L’année 2023 a été celle du retour du Venezuela sur la scène régionale. Réhabilité par Lula ainsi que par Gustavo Petro, Nicolas Maduro a retrouvé une place politique forte dans la région notamment grâce à la levée progressive des sanctions américaines. Le président vénézuélien s’est engagé à organiser en 2024 des élections démocratiques auxquelles participera l’opposition. Un sujet qui devrait animer l’actualité de la région dans les prochains mois. De nombreuses inconnues demeurent quant à la candidature de la nouvelle figure de l’opposition, Maria Corina Machado, le vote des émigrés vénézuéliens et les velléités du régime de Maduro sur la région Essequibo au Guyana.

Migration et transition énergétique : les deux défis régionaux de 2024

En 2024, les questions migratoires devraient être au cœur des relations diplomatiques entre les Etats-Unis, le Mexique et les pays d’Amérique centrale. Les élections présidentielles américaines vont faire de ce sujet une priorité, alors que les flux migratoires ont connu une hausse record cette année : sur les huit premiers mois de 2023, le Mexique a vu une hausse de 62% d’entrées de migrants par rapport à la même période en 2022. Les migrants arrivant au Mexique proviennent principalement des pays d’Amérique centrale mais aussi de plus en plus d’Haïti, du Venezuela et de l’Equateur.

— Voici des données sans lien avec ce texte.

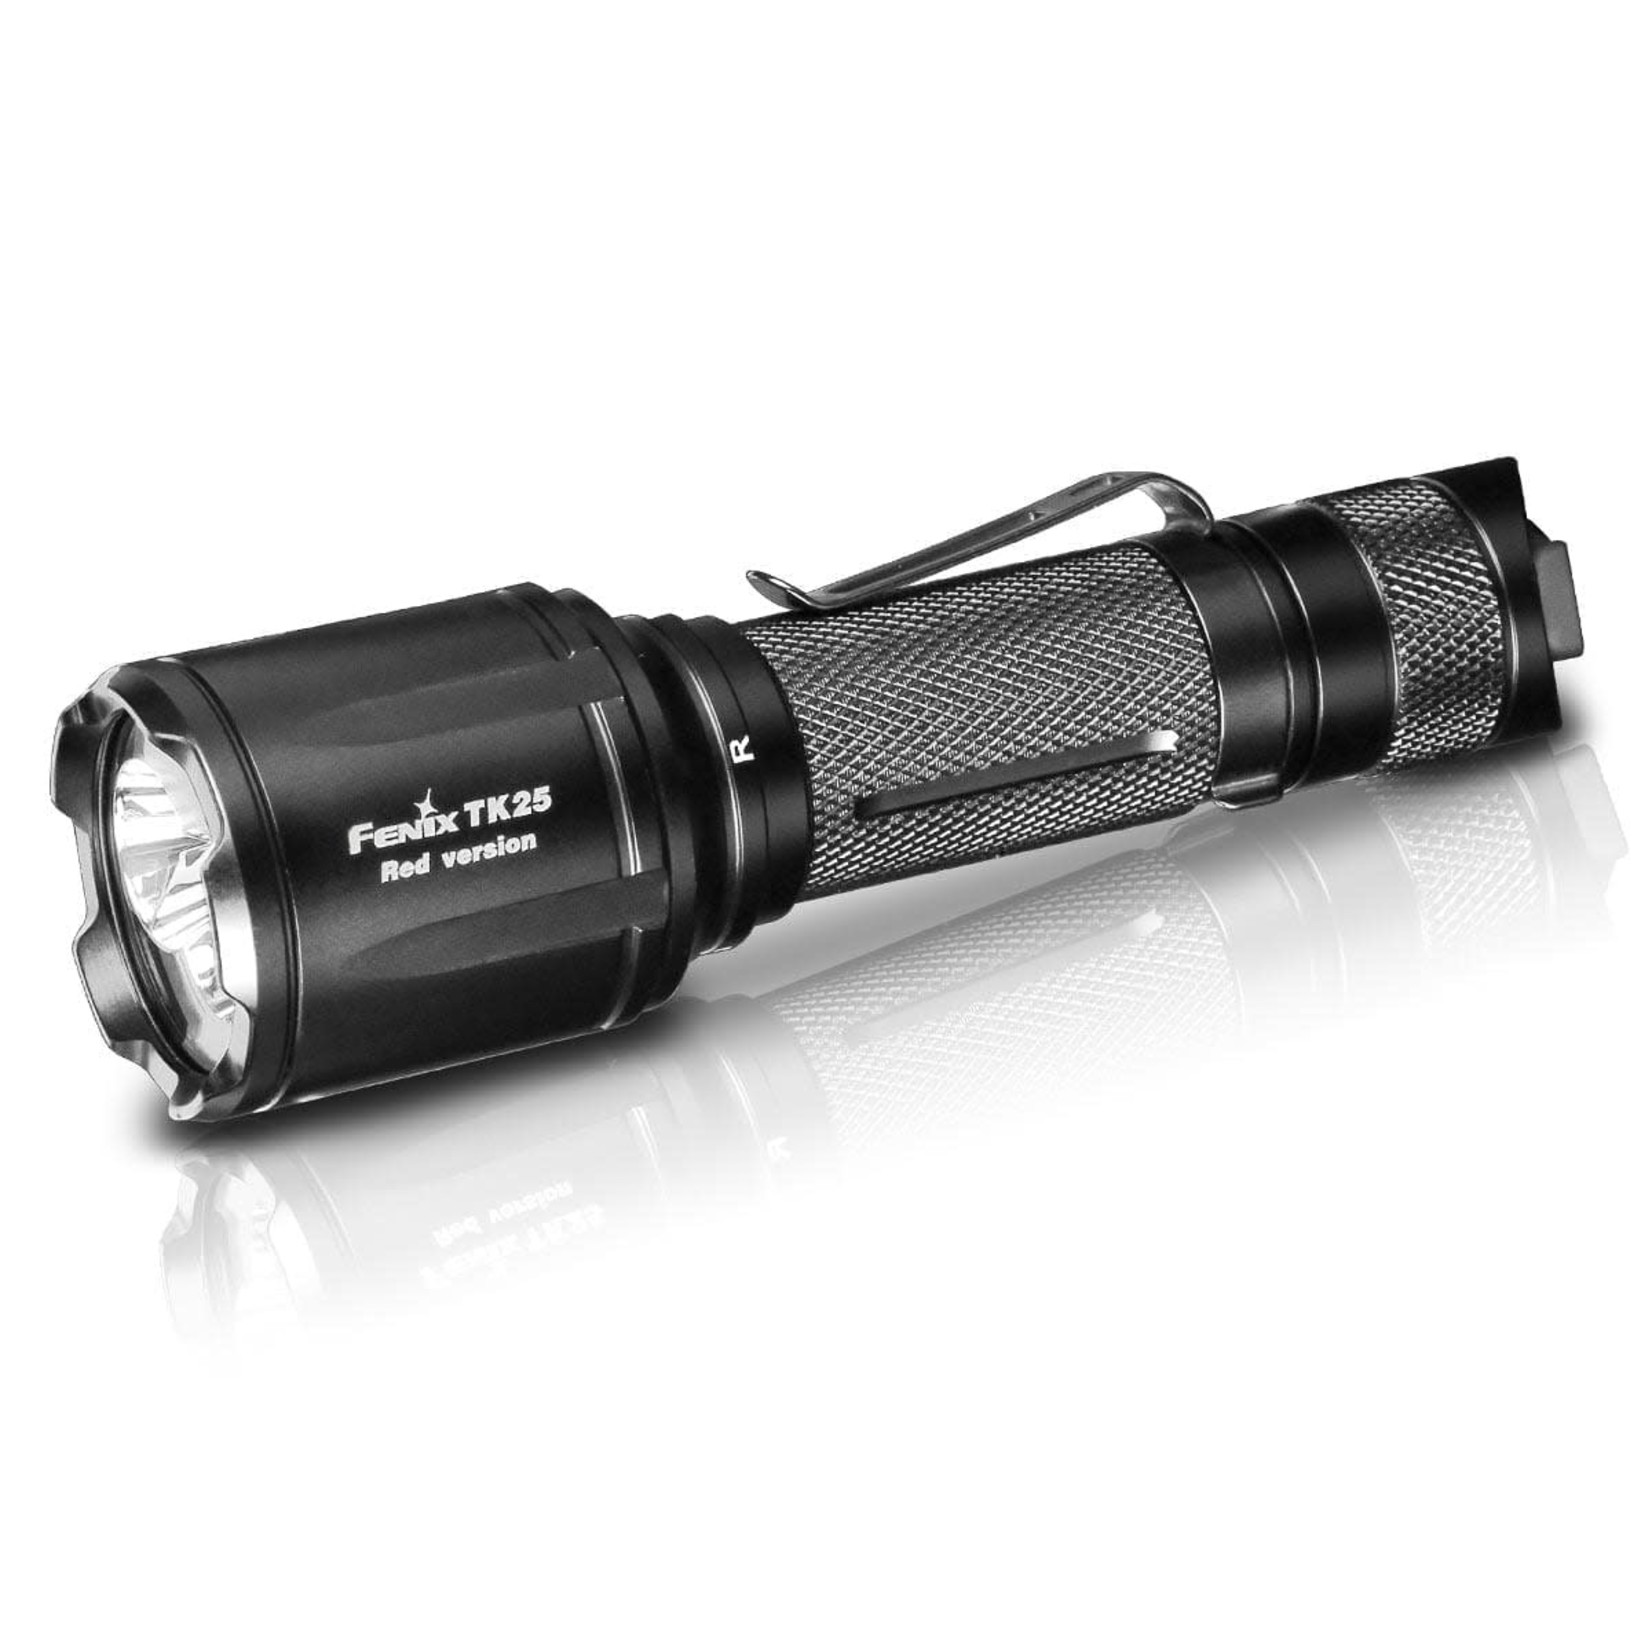 Fenix TK25 Red Flashlight

La crise migratoire en Amérique centrale se concentre également au Darien Gap, une jungle entre le Panama et la Colombie qui est le principal point de passage de l’Amérique du sud vers l’Amérique du nord. Le nombre de passages de migrants au Darien Gap a presque quadruplé depuis 2021. L’explosion des flux migratoires dans cette zone s’est transformée en un sujet de politique interne aux Etats-Unis. Le Congrès américain met la pression sur Joe Biden pour adopter des mesures plus restrictives sur les politiques d’asile et de visas.

Enfin, le défi le plus ambitieux mais aussi le plus pressant pour la région est certainement celui de la lutte contre le réchauffement climatique. Très touchés ces dernières années par des épisodes climatiques sévères, les Etats latino-américains doivent concéder d’importants investissements dans la protection des ressources, les infrastructures énergétiques et la transition vers des modes de transports plus propres. Et la région est bien placée pour le faire. En Amérique latine et Caraïbes, les hydrocarbures représentent deux tiers du mix énergétique, soit moins que la moyenne mondiale (80%). La région dispose d’importants avantages comparatifs dans le secteur de l’hydroélectricité, du lithium et des bio-carburants qui peuvent lui permettre d’enclencher une transition vers un mix énergétique plus vert et de devenir “fournisseur” d’énergie verte à l’échelle mondiale. Cette transition demandera beaucoup d’investissements de la part d’Etats qui ont trop souvent peu de marge de manœuvre budgétaire.

En se désengageant des hydrocarbures, comme l’a annoncé Gustavo Petro en Colombie, en misant sur l’émission d’obligations vertes et sur des initiatives multilatérales en faveur de la protection des ressources naturelles, la région pourrait être à la pointe de la transition énergétique et en faire le socle d’un nouveau modèle économique durable.